Let's say we have a text that is a list of sentences, where each sentence is
a list of strings. For simplicity we just consider a text consisting of
characters instead of words.
>>> text = [['a', 'b', 'c'], ['a', 'c', 'd', 'c', 'e', 'f']]
If we want to train a bigram model, we need to turn this text into bigrams.
Here's what the first sentence of our text would look like if we use a function
from NLTK for this.
>>> from nltk.util import bigrams
>>> list(bigrams(text[0]))
[('a', 'b'), ('b', 'c')]
Notice how "b" occurs both as the first and second member of different bigrams
but "a" and "c" don't? Wouldn't it be nice to somehow indicate how often sentences
start with "a" and end with "c"?
A standard way to deal with this is to add special "padding" symbols to the
sentence before splitting it into ngrams.

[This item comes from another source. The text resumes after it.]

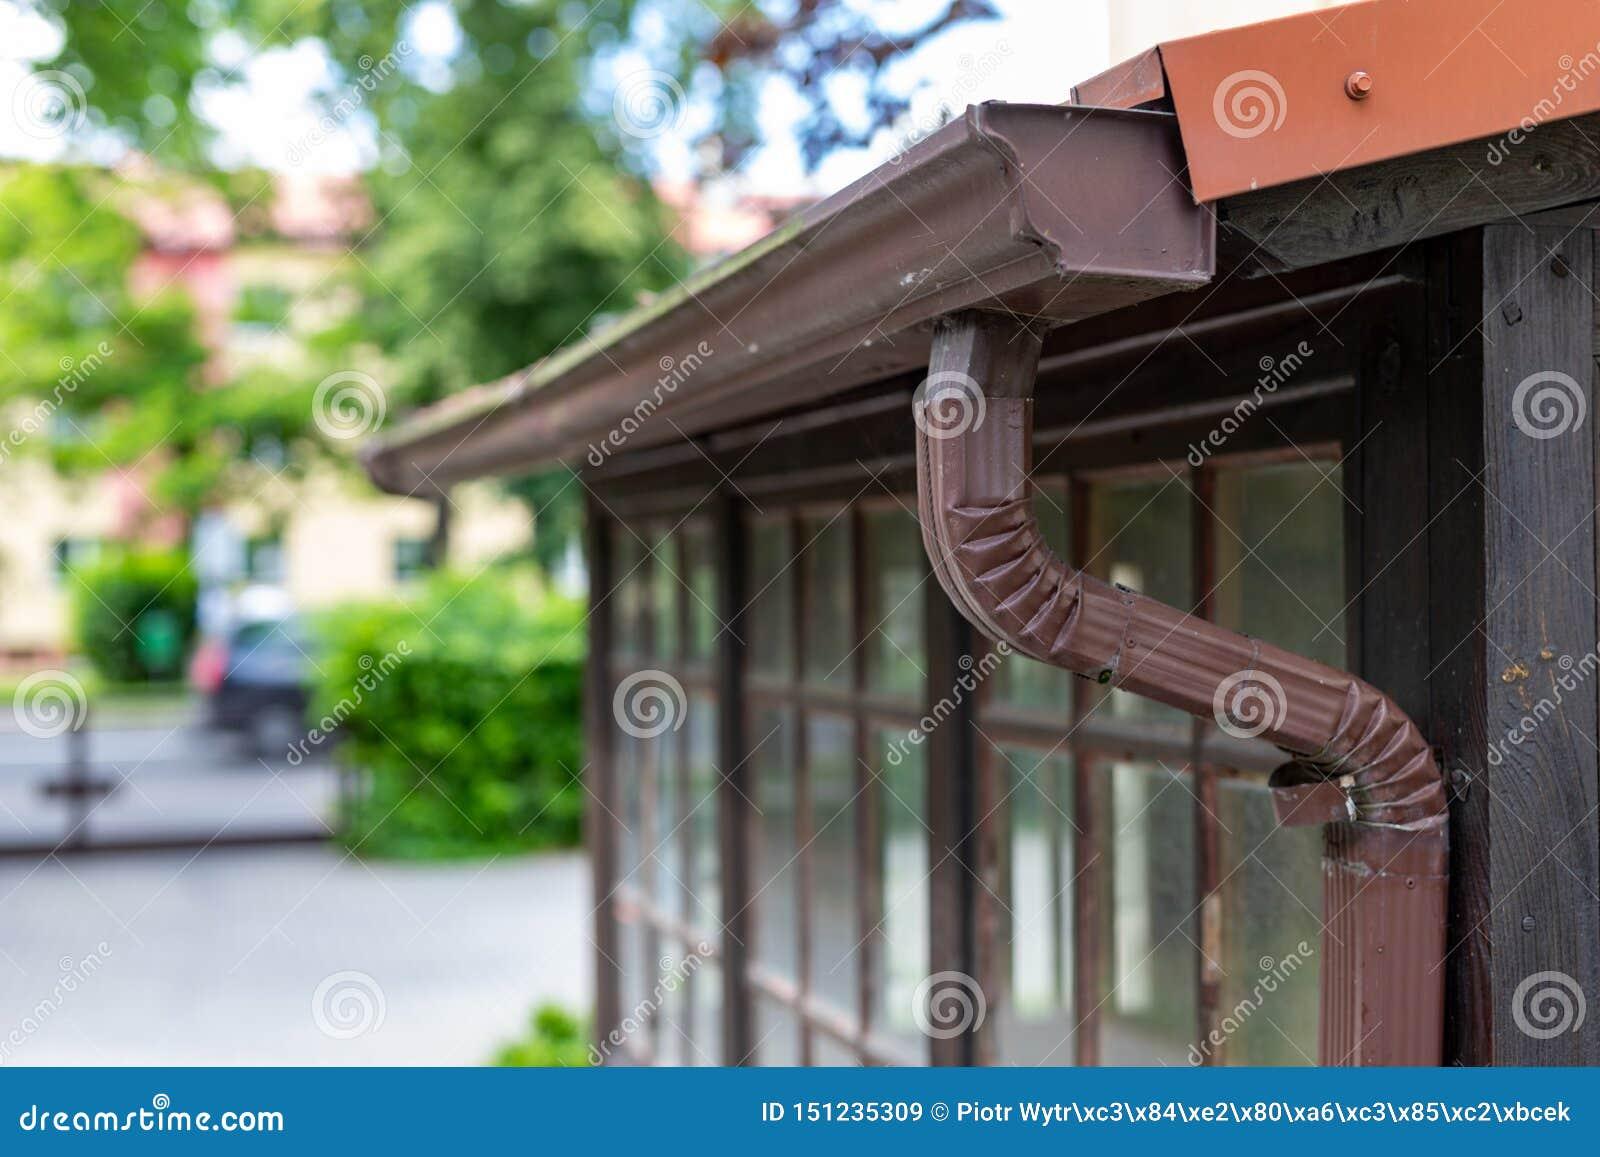 Stara rynna w oddzielnym domu Deszczówka drenaż od dachu

Fortunately, NLTK also has a function for that, let's see what it does to the
first sentence.
>>> from nltk.util import pad_sequence
>>> list(pad_sequence(text[0],
... pad_left=True,
... left_pad_symbol="<s>",
... pad_right=True,
... right_pad_symbol="</s>",
... n=2))
['<s>', 'a', 'b', 'c', '</s>']
Note the `n` argument, that tells the function we need padding for bigrams.
Now, passing all these parameters every time is tedious and in most cases they
can be safely assumed as defaults anyway.
Thus our module provides a convenience function that has all these arguments
already set while the other arguments remain the same as for `pad_sequence`.
>>> from nltk.lm.preprocessing import pad_both_ends
>>> list(pad_both_ends(text[0], n=2))
['<s>', 'a', 'b', 'c', '</s>']
Combining the two parts discussed so far we get the following preparation steps
for one sentence.
>>> list(bigrams(pad_both_ends(text[0], n=2)))
[('<s>', 'a'), ('a', 'b'), ('b', 'c'), ('c', '</s>')]
To make our model more robust we could also train it on unigrams (single words)
as well as bigrams, its main source of information.
NLTK once again helpfully provides a function called `everygrams`.
While not the most efficient, it is conceptually simple.
>>> from nltk.util import everygrams
>>> padded_bigrams = list(pad_both_ends(text[0], n=2))
>>> list(everygrams(padded_bigrams, max_len=2))
[('<s>',),
('a',),
('b',),
('c',),
('</s>',),
('<s>', 'a'),
('a', 'b'),
('b', 'c'),
('c', '</s>')]
We are almost ready to start counting ngrams, just one more step left.
During training and evaluation our model will rely on a vocabulary that
defines which words are "known" to the model.
To create this vocabulary we need to pad our sentences (just like for counting
ngrams) and then combine the sentences into one flat stream of words.
>>> from nltk.lm.preprocessing import flatten
>>> list(flatten(pad_both_ends(sent, n=2) for sent in text))
['<s>', 'a', 'b', 'c', '</s>', '<s>', 'a', 'c', 'd', 'c', 'e', 'f', '</s>']
In most cases we want to use the same text as the source for both vocabulary
and ngram counts.
Now that we understand what this means for our preprocessing, we can simply import
a function that does everything for us.
>>> from nltk.lm.preprocessing import padded_everygram_pipeline
>>> train, vocab = padded_everygram_pipeline(2, text)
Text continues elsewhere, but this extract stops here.